Ce projet inique fut voté par le Parlement anglais, mais non sans y rencontrer, surtout dans la Chambre des lords, de généreuses oppositions.
Lord Ellenborough trouvait que «c'était mettre la grande majorité du peuple du Bas-Canada, sous la domination absolue de la majorité des Haut-Canadiens; c'était punir toute une population pour la faute d'une petite portion de cette population». Il ajoutait: «Si l'on veut priver les Canadiens français d'un gouvernement représentatif, il vaudrait mieux le faire d'une manière ouverte et franche, que de chercher à établir un système de gouvernement sur une base que tout le monde s'accorde à qualifier de fraude électorale. Ce n'est pas dans l'Amérique du Nord qu'on peut en imposer aux hommes par un faux semblant de gouvernement représentatif.»
Lord Gosford, qui connaissait les Canadiens, puisqu'il avait été leur gouverneur en 1836, considérait l'union des provinces, telle qu'elle était proposée, «comme un acte des plus injustes et des plus tyranniques». Il lui reprochait «de livrer, en la noyant, la population française à ceux qui, sans cause, lui ont montré tant de haine». Il déclarait enfin que tant qu'il vivrait il espérait «n'approuver jamais une mesure fondée sur l'injustice[50]».
[Note 50: ][(retour) ] Longs extraits de ces discours, dans Garneau, t. III, p. 383 et suiv.
Telle était l'opinion des Anglais éclairés et justes sur la constitution imposée aux Canadiens. Avec quels sentiments ceux-ci pouvaient-ils accueillir cette œuvre d'oppression et de vengeance? Quels funestes résultats ne devaient-ils pas en attendre, et quelle devait être leur conduite?
«L'avenir, dit un historien canadien, M. Turcotte, se montrait à nos compatriotes couvert de sombres nuages. Leurs institutions et leur nationalité semblaient menacées plus que jamais. Pour conjurer l'orage ils vont suivre l'exemple donné par leurs ancêtres dans les moments critiques, et resserreront entre eux les liens de l'union la plus parfaite. Ils contraindront enfin leurs adversaires à leur rendre justice. A mesure que la race anglaise viendra en contact avec les Canadiens, elle reconnaîtra la magnanimité de leur caractère, leur grandeur d'âme, et ses préjugés d'autrefois disparaîtront peu à peu... La politique ancienne fera place à une politique plus juste, plus modérée; les chefs de chaque parti, parmi les Canadiens et les Anglais, se donneront la main et formeront des coalitions puissantes. On verra alors les descendants des deux grandes nations qui président à la civilisation du monde, fraterniser ensemble et réunir leurs efforts pour procurer le bien-être et la prospérité au pays[51].»
[Note 51: ][(retour) ] Turcotte, le Canada sous l'Union. Québec, 2 vol. in-18.
Tel est le résumé de l'histoire de l'Union. Elle nous montrera que les Canadiens surent reconquérir un à un tous les avantages dont on avait voulu les priver.
Le gouvernement débutait pourtant contre eux d'une façon systématiquement hostile. Aucun nom français ne figurait dans le ministère que choisit le gouverneur, lord Sydenham. Injustice voulue qui ne tarda pas à être réparée; l'année suivante, le successeur de Sydenham, sir Charles Bagot, appelait au ministère un homme qui devait exercer sur la politique de son temps une influence prolongée et salutaire, M. Lafontaine.

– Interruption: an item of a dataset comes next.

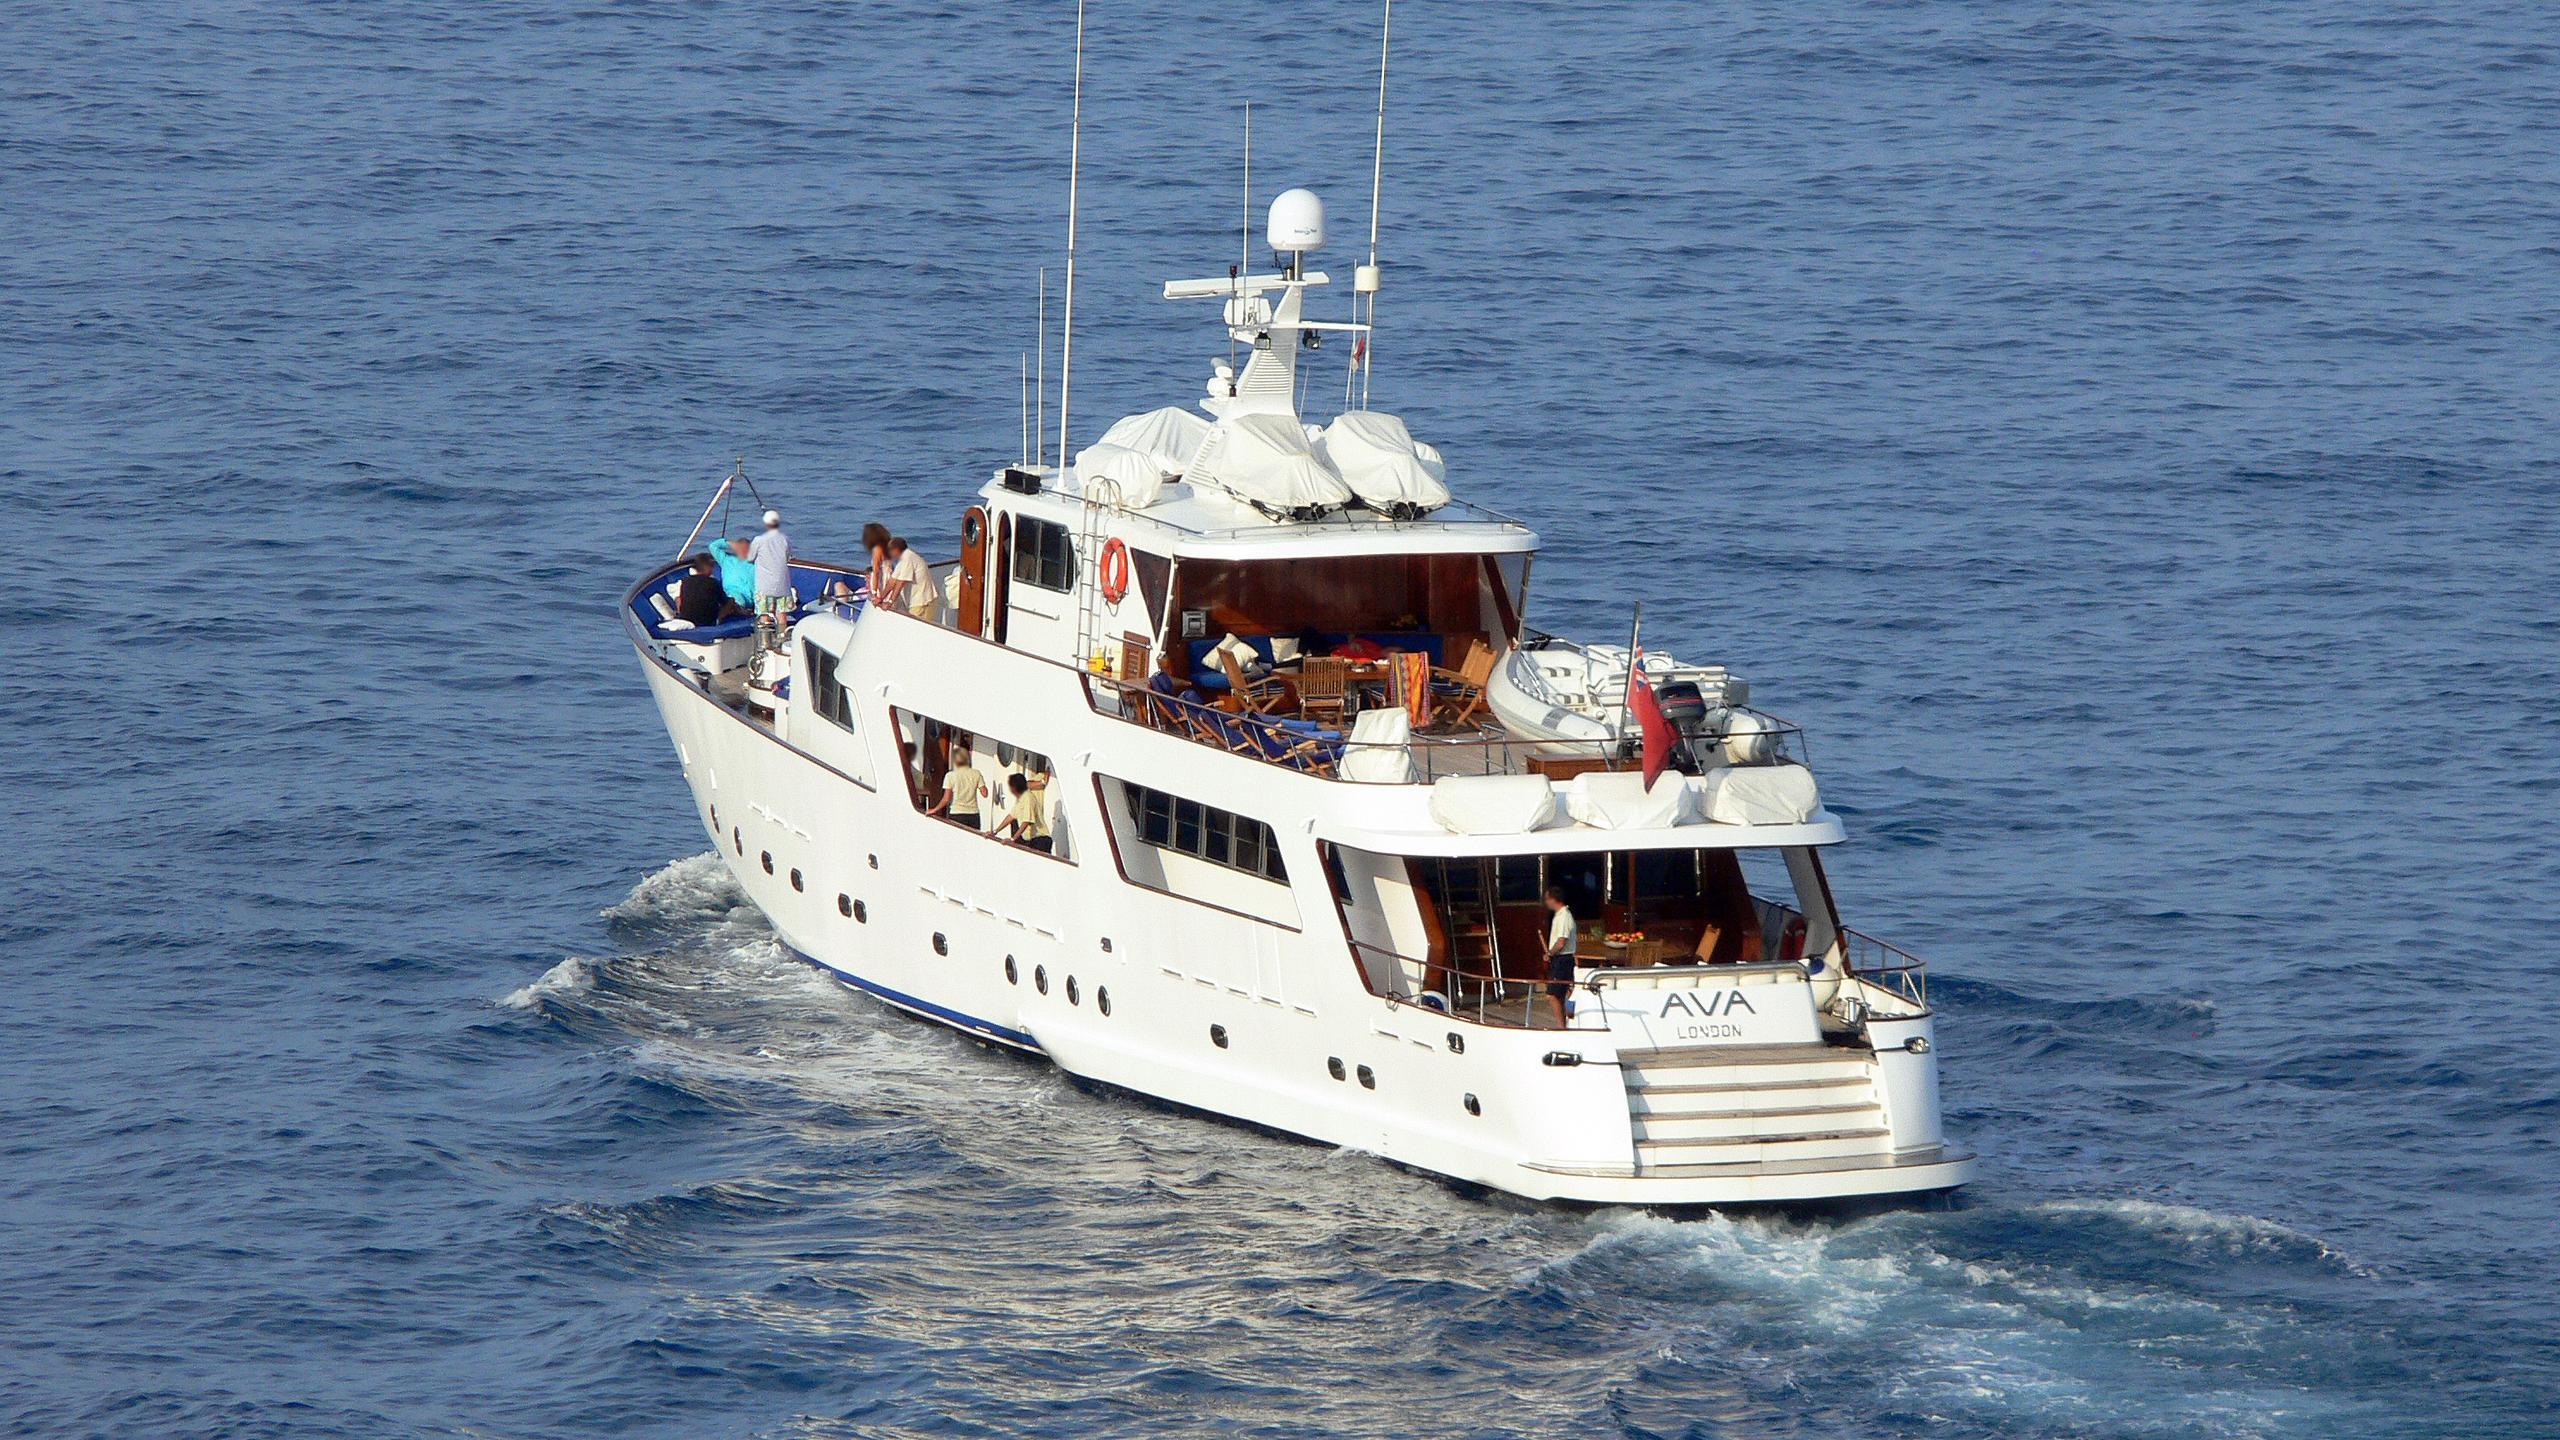 ava-motor-yacht-crn-1976-40m-stern-cruising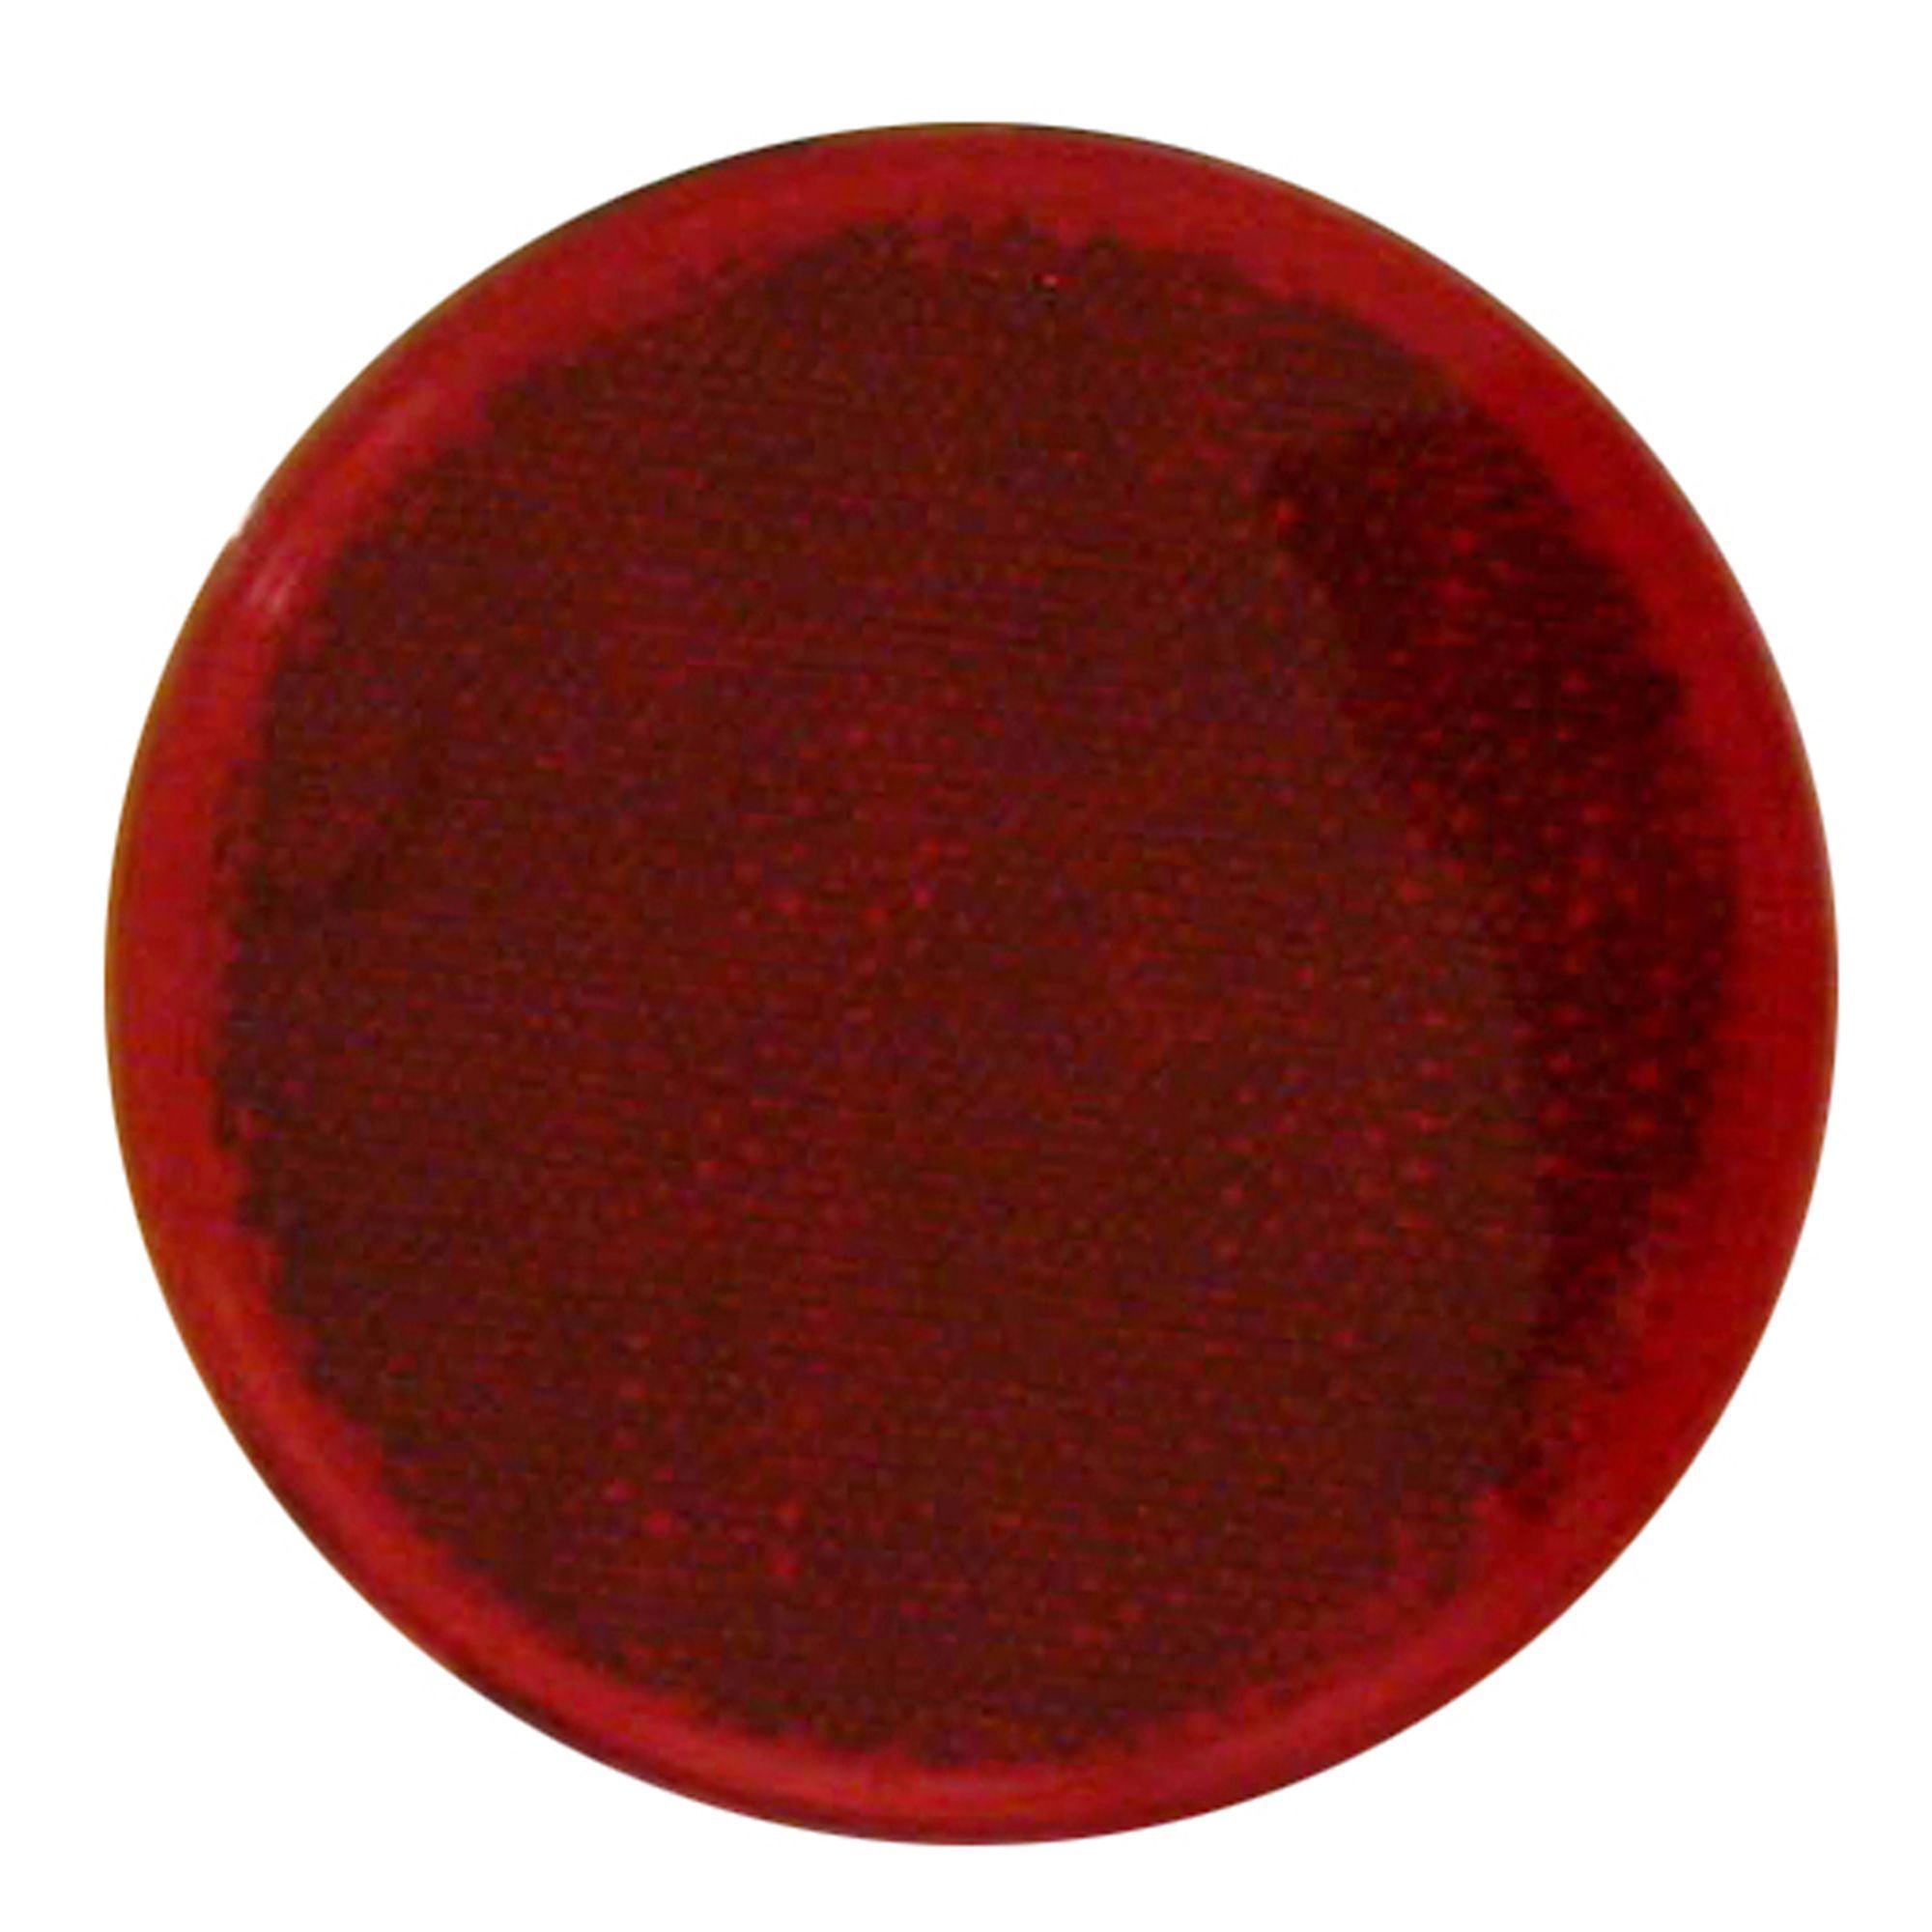 Pilot Automotive NV-5067R 3 inch Round Stick-on Side Marker / Reflector-Red Size: 3-5/32 x 7/32

C'était un premier succès, mais les Canadiens ne s'en tinrent pas là, et malgré le mauvais vouloir d'un nouveau gouverneur, lord Metcalfe, qui dirigé systématiquement contre eux toutes les mesures gouvernementales, emploie en faveur de la province anglaise tous les fonds votés pour les travaux publics, donne aux protestants les revenus des biens confisqués aux Jésuites, accorde aux Anglais victimes de l'insurrection de 1837 des indemnités qu'il refuse aux Canadiens, et écarte du ministère M. Lafontaine,--malgré toutes ces vexations et toutes ces injustices, les Canadiens ne cessent d'accroître leur influence, jusqu'au jour, resté béni dans leur mémoire, où leur arrive enfin un gouverneur vraiment impartial et vraiment généreux, l'un des plus illustres qui aient gouverné le Canada: lord Elgin.